[COLLECTED DATA]
>>

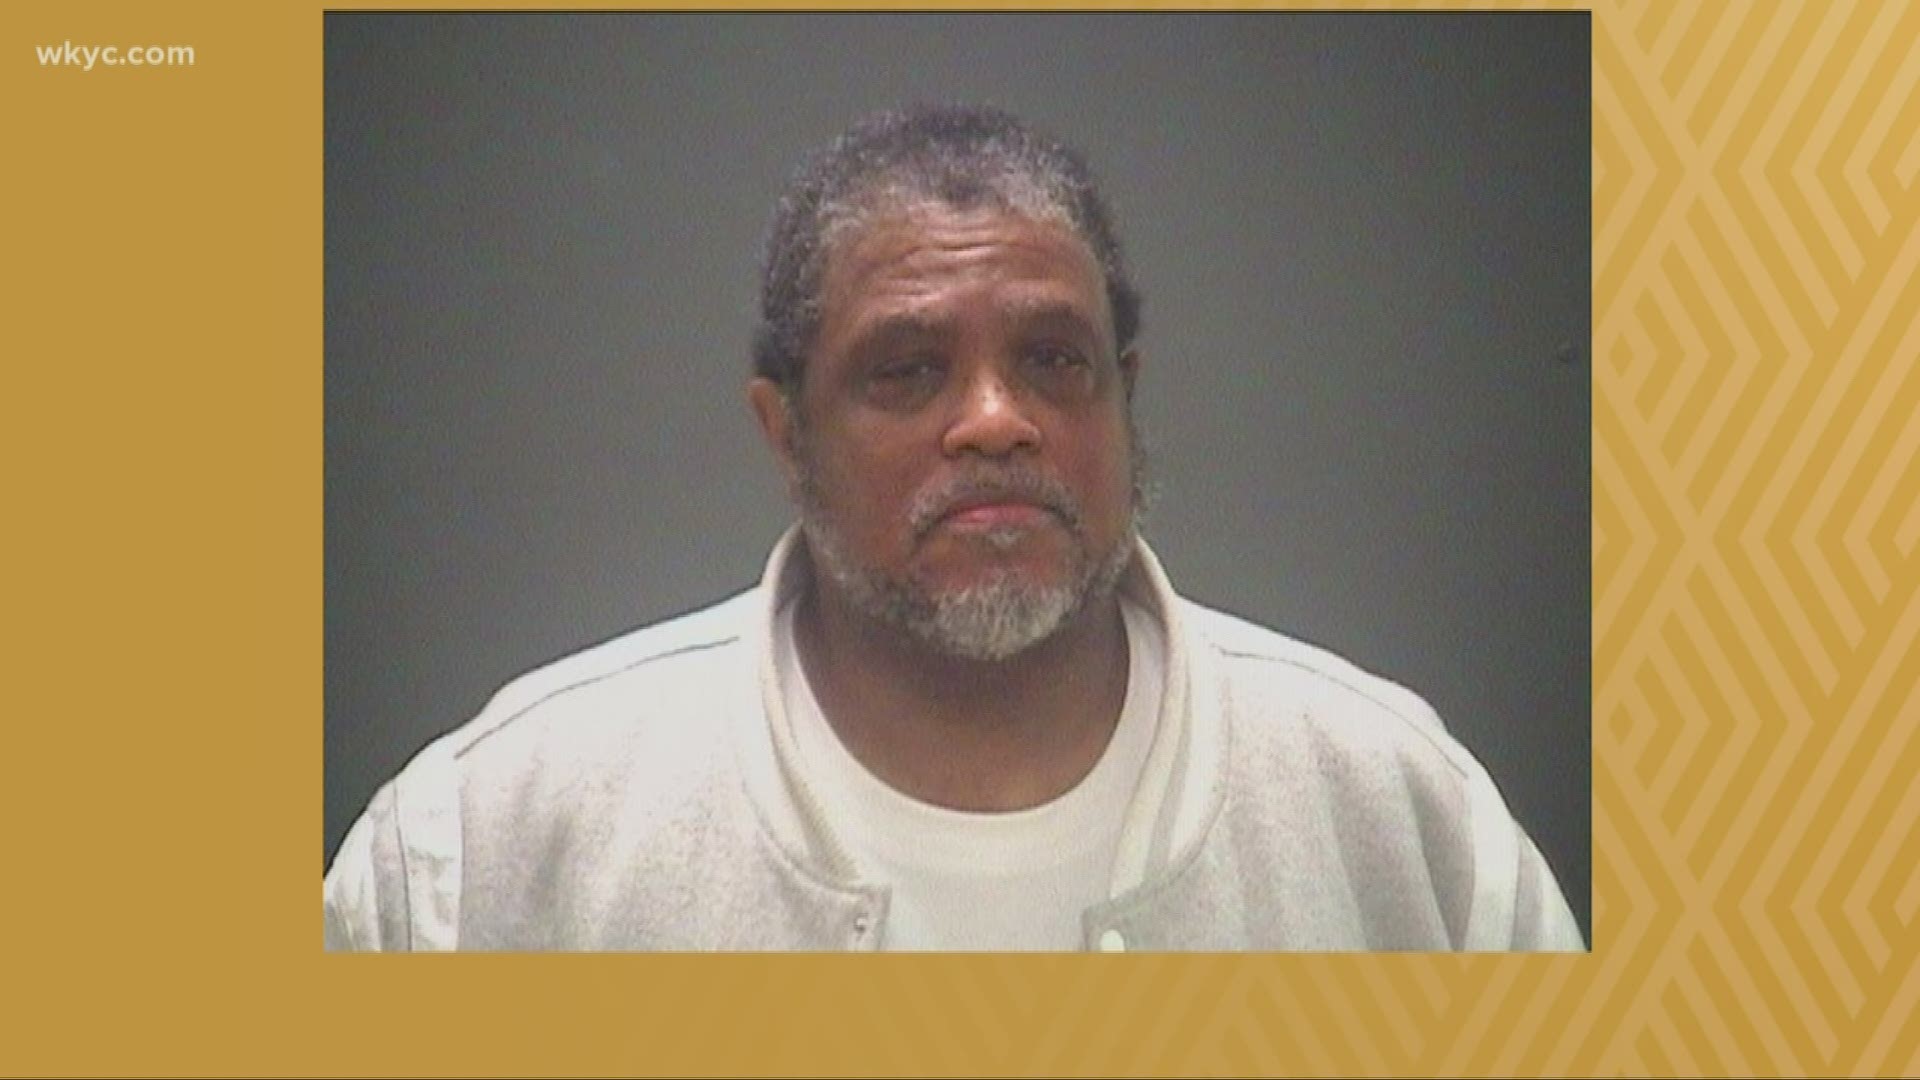 64-year-old Rev. Dr. Randolph Brown, pastor of The Inner-City Missionary Baptist Church, was charged with two counts of compelling prostitution. He is out on bond.
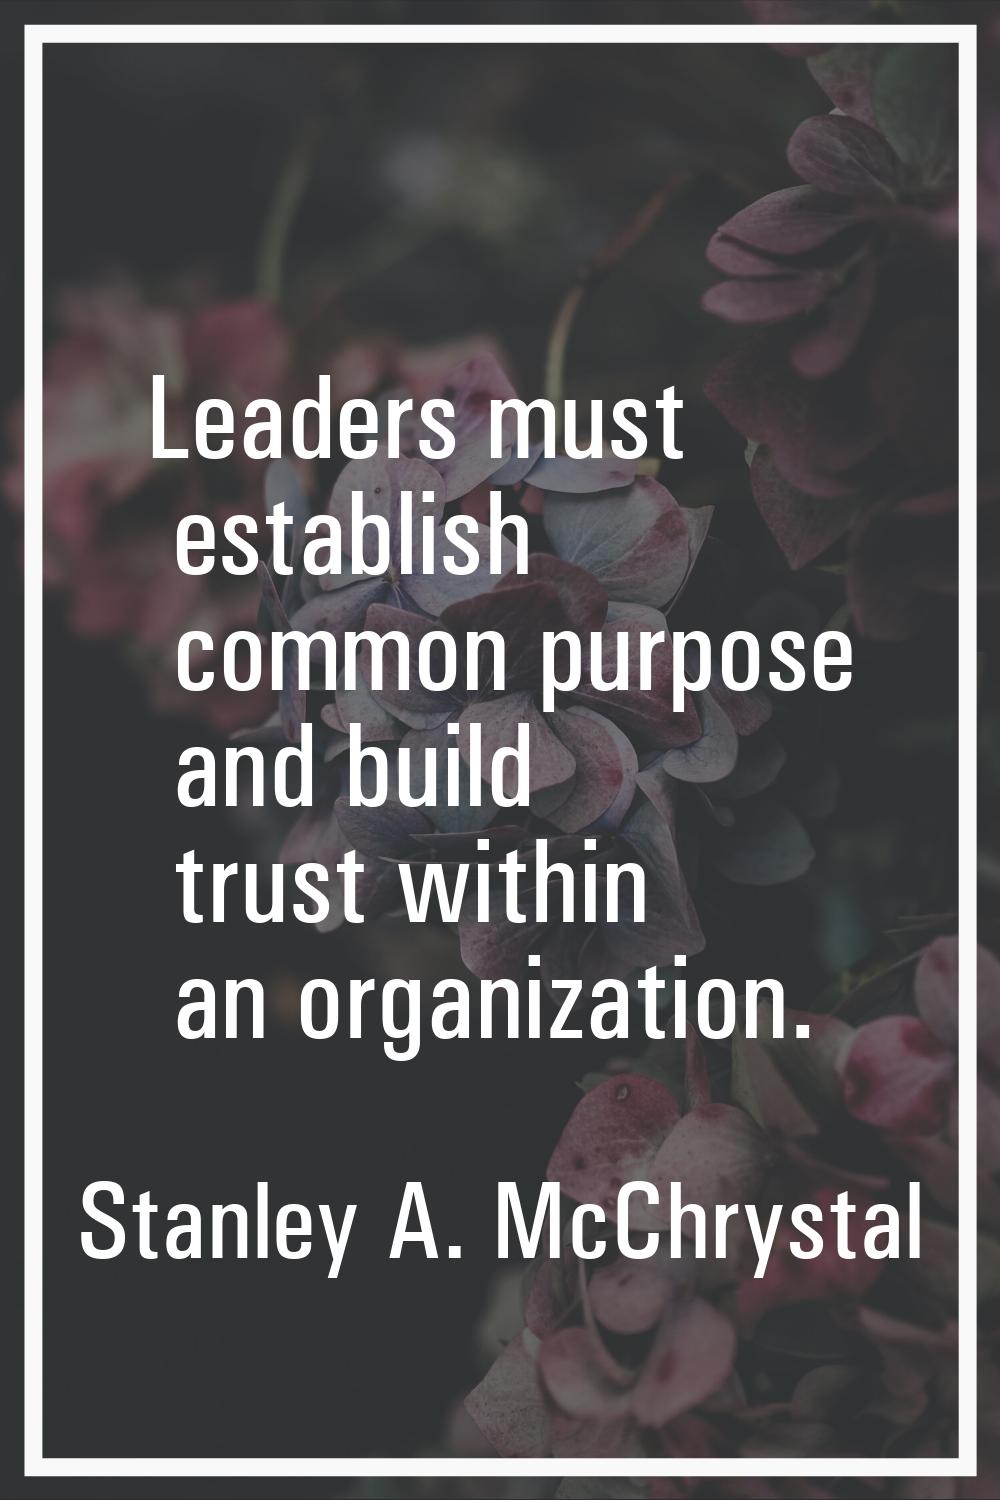 Leaders must establish common purpose and build trust within an organization.
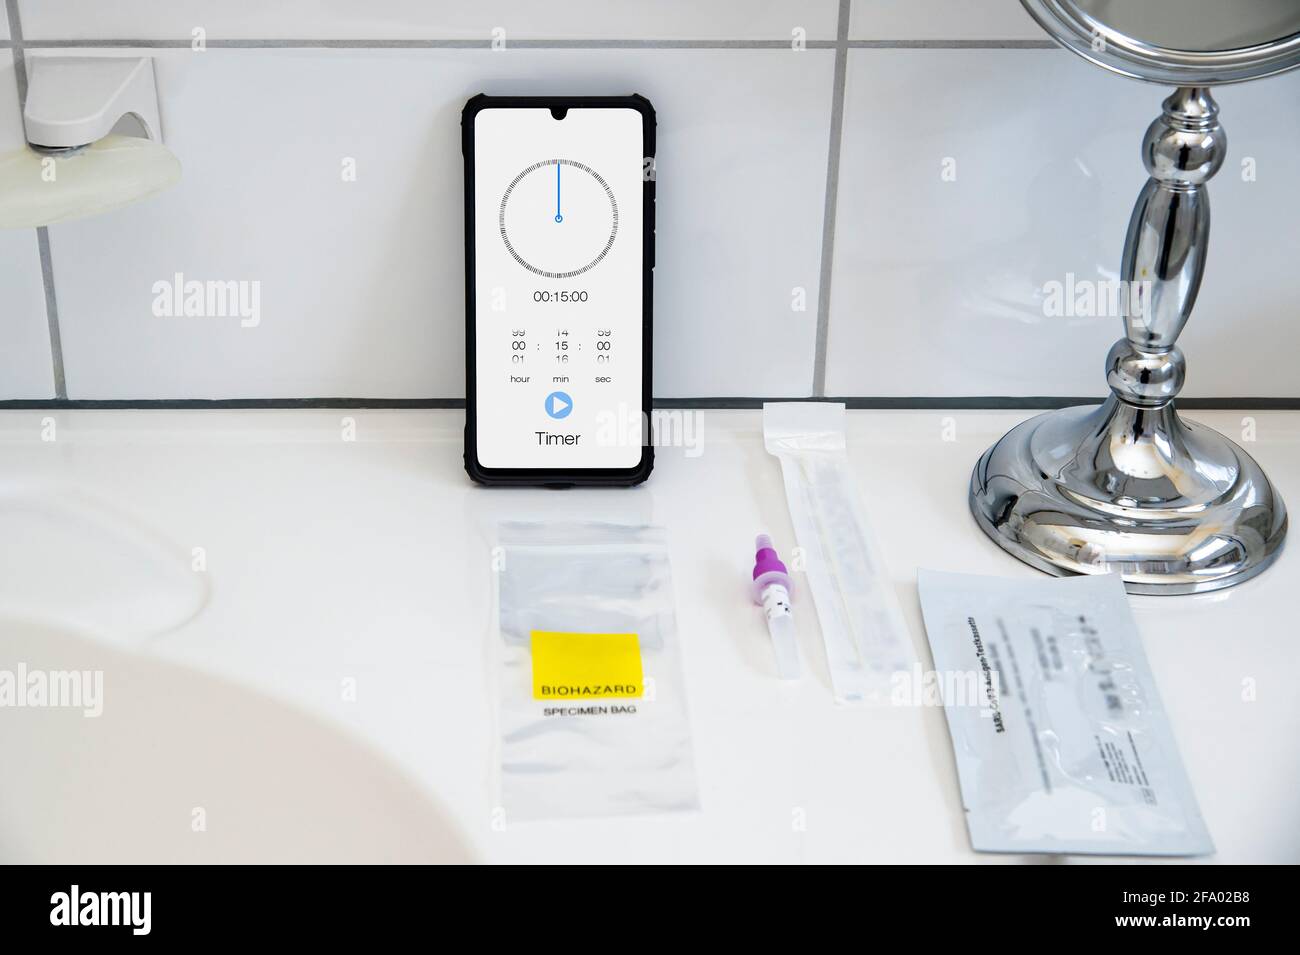 SARS CoV-2 antigen test utensils. The self test is in a bathroom on a sink. A smartphone shows how long the test has to work. German text: SARS CoV2 a Stock Photo

<<

[WHAT THE TASK REQUIRES]
Print the material above verbatim except the pictures.

[RESULT OF THE TASK]
 64-year-old Rev. Dr. Randolph Brown, pastor of The Inner-City Missionary Baptist Church, was charged with two counts of compelling prostitution. He is out on bond.
 Leaders must establish common purpose and build trust within an organization.
 SARS CoV-2 antigen test utensils. The self test is in a bathroom on a sink. A smartphone shows how long the test has to work. German text: SARS CoV2 a Stock Photo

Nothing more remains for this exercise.